*Directions:*
Starting at the line with "All Rights Reserved" and going on through the line with "Permanence, perseverance and", reproduce each line in the records below exactly and nothing more.

[Stored data entries]
--- --- ---

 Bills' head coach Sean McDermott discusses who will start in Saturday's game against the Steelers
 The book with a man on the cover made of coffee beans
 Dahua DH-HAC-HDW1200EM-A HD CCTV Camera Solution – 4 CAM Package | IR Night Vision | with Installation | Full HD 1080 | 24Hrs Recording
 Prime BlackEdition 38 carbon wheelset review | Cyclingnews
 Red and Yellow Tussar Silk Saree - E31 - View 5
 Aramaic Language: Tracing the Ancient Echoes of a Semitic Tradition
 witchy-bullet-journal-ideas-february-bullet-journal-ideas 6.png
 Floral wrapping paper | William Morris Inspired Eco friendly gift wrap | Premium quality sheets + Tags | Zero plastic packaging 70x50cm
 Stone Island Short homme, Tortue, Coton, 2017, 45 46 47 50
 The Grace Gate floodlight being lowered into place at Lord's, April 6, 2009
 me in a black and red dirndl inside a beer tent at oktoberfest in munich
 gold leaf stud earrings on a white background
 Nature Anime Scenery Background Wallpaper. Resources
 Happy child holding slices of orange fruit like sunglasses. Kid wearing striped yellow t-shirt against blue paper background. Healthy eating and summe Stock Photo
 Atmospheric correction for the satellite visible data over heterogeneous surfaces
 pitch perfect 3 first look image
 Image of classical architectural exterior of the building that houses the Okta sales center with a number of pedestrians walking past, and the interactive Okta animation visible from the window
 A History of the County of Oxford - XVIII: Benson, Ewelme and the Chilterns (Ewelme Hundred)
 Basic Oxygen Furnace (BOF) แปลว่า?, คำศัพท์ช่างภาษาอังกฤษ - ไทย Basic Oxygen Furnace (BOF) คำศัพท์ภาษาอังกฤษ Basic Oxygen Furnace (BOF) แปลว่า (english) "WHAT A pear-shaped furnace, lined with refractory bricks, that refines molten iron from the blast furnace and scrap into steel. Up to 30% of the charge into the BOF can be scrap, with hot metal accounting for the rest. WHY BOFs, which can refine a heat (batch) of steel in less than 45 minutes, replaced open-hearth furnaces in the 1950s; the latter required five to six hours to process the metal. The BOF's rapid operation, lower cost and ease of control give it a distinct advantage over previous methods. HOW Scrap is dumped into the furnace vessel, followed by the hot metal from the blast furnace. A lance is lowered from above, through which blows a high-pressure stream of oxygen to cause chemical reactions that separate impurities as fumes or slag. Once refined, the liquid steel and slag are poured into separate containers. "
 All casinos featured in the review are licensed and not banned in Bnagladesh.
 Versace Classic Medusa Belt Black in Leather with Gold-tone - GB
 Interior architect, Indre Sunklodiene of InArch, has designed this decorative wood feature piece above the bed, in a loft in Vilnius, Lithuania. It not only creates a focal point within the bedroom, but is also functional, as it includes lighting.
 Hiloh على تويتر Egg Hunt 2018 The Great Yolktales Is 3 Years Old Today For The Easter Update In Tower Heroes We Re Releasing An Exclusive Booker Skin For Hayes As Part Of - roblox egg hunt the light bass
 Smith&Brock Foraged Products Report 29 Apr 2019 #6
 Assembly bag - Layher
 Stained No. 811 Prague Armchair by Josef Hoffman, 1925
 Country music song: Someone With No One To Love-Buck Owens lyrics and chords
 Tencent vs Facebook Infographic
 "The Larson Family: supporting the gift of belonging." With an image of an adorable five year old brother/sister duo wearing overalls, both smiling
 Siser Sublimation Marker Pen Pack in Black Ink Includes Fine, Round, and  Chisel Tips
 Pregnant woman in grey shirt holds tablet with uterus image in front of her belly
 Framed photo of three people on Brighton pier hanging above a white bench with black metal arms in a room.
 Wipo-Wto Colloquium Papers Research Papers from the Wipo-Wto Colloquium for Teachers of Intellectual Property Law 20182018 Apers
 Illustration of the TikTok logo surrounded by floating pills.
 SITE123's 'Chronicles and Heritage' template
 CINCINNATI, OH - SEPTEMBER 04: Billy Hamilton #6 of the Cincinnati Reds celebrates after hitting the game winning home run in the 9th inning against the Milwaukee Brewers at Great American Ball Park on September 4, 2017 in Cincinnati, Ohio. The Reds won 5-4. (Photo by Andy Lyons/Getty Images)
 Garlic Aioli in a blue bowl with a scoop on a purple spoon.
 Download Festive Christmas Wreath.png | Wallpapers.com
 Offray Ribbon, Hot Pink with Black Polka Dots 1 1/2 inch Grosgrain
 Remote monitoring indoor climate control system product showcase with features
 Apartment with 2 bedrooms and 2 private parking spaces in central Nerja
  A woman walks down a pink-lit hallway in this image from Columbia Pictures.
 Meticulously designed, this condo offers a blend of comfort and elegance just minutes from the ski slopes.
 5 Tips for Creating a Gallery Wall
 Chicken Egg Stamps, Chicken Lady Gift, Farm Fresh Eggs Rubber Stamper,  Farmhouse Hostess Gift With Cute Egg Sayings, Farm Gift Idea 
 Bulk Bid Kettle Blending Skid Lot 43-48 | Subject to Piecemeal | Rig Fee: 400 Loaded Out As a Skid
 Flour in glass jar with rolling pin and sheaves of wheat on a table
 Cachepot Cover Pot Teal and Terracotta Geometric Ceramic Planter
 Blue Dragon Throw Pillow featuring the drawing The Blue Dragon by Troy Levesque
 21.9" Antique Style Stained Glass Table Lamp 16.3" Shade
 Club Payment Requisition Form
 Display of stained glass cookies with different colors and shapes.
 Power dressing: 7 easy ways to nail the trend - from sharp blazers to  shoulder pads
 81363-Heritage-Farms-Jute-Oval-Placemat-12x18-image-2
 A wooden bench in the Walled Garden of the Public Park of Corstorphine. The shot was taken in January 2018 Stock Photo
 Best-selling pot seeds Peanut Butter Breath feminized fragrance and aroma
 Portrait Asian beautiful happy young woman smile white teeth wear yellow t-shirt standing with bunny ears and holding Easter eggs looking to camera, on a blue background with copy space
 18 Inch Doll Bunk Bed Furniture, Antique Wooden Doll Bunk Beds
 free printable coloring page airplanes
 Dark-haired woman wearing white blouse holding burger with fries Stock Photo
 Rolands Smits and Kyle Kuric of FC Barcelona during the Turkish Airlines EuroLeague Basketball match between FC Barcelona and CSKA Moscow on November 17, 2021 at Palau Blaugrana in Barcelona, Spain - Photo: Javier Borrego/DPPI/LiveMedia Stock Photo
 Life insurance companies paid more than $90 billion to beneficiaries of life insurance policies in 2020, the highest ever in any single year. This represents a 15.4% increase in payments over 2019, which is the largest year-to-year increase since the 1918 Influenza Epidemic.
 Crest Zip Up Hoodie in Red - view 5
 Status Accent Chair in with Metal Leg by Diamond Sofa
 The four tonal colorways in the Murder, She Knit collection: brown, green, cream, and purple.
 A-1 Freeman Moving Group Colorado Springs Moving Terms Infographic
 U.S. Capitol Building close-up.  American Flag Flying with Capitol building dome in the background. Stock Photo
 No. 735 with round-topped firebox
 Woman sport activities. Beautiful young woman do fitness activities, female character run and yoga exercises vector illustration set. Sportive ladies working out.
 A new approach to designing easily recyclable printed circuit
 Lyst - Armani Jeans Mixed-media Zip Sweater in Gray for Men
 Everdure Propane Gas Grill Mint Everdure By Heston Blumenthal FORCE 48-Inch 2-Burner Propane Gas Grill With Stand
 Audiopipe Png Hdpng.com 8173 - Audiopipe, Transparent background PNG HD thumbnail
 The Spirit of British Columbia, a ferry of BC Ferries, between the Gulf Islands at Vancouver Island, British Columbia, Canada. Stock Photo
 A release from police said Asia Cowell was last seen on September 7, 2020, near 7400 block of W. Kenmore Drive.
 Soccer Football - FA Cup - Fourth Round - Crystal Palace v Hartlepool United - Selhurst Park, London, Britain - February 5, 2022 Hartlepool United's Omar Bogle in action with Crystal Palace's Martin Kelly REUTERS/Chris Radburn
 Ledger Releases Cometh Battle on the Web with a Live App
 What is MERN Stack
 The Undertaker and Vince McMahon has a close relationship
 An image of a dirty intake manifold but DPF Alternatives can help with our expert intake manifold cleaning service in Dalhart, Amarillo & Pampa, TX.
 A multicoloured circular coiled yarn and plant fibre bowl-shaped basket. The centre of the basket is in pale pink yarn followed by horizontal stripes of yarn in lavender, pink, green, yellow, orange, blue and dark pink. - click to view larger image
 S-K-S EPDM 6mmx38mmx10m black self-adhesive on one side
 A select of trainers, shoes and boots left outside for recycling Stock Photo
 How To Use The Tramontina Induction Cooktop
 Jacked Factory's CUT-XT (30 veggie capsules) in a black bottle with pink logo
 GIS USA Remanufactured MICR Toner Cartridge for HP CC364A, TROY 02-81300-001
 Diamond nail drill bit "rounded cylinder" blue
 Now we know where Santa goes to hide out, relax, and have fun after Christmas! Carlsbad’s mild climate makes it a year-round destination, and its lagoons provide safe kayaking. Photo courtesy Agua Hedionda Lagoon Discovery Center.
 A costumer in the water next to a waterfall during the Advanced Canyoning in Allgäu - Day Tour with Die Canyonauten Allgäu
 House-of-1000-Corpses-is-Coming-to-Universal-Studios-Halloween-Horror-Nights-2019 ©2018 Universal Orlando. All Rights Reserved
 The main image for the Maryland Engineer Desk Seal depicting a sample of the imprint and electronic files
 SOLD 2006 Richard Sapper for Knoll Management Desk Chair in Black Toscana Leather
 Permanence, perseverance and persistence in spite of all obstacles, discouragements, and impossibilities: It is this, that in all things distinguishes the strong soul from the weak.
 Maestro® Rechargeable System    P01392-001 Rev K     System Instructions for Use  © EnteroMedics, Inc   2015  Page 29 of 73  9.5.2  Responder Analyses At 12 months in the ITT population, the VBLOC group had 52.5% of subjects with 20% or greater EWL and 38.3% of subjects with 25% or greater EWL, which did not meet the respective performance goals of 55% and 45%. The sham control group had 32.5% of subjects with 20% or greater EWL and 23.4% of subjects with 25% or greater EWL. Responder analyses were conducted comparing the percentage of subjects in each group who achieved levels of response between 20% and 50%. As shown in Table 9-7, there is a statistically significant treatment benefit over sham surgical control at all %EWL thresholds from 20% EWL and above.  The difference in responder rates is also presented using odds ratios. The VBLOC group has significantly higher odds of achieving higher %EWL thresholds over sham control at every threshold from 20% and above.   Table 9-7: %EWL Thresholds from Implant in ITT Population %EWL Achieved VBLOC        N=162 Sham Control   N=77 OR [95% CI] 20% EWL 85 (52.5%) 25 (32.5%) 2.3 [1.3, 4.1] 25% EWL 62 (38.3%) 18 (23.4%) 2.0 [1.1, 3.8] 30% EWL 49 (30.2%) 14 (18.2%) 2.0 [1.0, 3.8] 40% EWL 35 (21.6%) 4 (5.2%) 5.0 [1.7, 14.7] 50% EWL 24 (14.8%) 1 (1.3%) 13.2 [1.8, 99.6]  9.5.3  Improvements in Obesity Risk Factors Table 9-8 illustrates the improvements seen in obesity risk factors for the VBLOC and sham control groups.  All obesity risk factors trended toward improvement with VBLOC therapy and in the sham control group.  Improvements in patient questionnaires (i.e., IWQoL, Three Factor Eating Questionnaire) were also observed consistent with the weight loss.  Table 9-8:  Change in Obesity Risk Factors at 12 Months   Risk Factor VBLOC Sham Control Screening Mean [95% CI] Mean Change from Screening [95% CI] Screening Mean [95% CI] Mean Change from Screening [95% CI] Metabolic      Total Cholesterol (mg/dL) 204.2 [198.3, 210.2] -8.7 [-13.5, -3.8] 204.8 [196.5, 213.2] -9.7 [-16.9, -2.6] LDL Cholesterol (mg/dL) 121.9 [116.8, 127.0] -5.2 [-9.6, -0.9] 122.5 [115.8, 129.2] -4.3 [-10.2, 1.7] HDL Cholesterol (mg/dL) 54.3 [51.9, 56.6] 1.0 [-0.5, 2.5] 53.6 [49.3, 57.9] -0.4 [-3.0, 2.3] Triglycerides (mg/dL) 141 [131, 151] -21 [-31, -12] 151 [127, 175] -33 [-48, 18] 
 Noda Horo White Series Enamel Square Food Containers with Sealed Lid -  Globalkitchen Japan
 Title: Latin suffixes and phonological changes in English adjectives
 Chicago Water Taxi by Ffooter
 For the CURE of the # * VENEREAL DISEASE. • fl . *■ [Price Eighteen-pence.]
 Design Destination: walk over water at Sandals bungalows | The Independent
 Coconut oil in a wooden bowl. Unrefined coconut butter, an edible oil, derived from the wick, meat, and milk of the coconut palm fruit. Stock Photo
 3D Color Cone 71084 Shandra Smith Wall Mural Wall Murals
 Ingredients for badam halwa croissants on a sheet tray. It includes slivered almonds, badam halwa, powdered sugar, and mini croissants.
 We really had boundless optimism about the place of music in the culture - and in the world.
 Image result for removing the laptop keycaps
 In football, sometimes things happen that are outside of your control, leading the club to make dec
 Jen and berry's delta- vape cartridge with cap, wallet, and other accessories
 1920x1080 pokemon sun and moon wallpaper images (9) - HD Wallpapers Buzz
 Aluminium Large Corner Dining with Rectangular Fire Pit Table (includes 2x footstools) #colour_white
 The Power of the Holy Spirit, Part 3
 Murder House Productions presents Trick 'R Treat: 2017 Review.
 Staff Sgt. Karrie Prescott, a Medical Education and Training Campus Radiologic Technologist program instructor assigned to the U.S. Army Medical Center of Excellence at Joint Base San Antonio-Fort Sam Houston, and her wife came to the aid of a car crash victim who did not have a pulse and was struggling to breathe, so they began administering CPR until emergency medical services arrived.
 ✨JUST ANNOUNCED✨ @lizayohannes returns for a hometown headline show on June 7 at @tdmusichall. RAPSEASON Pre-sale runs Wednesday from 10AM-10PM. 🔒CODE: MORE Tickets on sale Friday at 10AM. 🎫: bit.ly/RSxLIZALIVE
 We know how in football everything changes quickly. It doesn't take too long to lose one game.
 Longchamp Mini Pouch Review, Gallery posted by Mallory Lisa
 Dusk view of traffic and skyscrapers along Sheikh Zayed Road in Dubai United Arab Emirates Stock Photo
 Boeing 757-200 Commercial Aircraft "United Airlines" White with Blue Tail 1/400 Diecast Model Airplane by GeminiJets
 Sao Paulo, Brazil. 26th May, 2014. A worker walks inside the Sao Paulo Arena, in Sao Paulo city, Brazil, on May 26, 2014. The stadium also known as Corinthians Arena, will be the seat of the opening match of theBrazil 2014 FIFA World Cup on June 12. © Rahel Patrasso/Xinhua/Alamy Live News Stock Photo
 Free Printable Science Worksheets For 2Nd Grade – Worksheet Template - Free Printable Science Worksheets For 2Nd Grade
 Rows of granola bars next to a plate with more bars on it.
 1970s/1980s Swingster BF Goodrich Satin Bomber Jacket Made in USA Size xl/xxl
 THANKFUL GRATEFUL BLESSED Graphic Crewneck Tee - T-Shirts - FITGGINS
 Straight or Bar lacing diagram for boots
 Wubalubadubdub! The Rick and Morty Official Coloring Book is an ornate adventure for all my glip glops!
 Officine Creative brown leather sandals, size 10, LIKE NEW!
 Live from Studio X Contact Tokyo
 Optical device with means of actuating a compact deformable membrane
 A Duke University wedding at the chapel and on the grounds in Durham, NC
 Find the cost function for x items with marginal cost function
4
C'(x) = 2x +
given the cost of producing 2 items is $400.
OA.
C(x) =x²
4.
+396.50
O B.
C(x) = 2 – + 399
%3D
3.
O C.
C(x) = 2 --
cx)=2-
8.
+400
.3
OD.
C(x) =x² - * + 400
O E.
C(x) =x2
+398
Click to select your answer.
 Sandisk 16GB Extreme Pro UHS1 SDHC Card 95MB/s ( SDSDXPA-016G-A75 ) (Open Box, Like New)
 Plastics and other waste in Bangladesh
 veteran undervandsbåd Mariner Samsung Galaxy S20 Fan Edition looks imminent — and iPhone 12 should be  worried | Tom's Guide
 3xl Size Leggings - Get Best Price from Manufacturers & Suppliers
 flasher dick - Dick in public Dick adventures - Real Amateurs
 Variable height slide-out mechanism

--- --- ---

*Reply:*
 House-of-1000-Corpses-is-Coming-to-Universal-Studios-Halloween-Horror-Nights-2019 ©2018 Universal Orlando. All Rights Reserved
 The main image for the Maryland Engineer Desk Seal depicting a sample of the imprint and electronic files
 SOLD 2006 Richard Sapper for Knoll Management Desk Chair in Black Toscana Leather
 Permanence, perseverance and persistence in spite of all obstacles, discouragements, and impossibilities: It is this, that in all things distinguishes the strong soul from the weak.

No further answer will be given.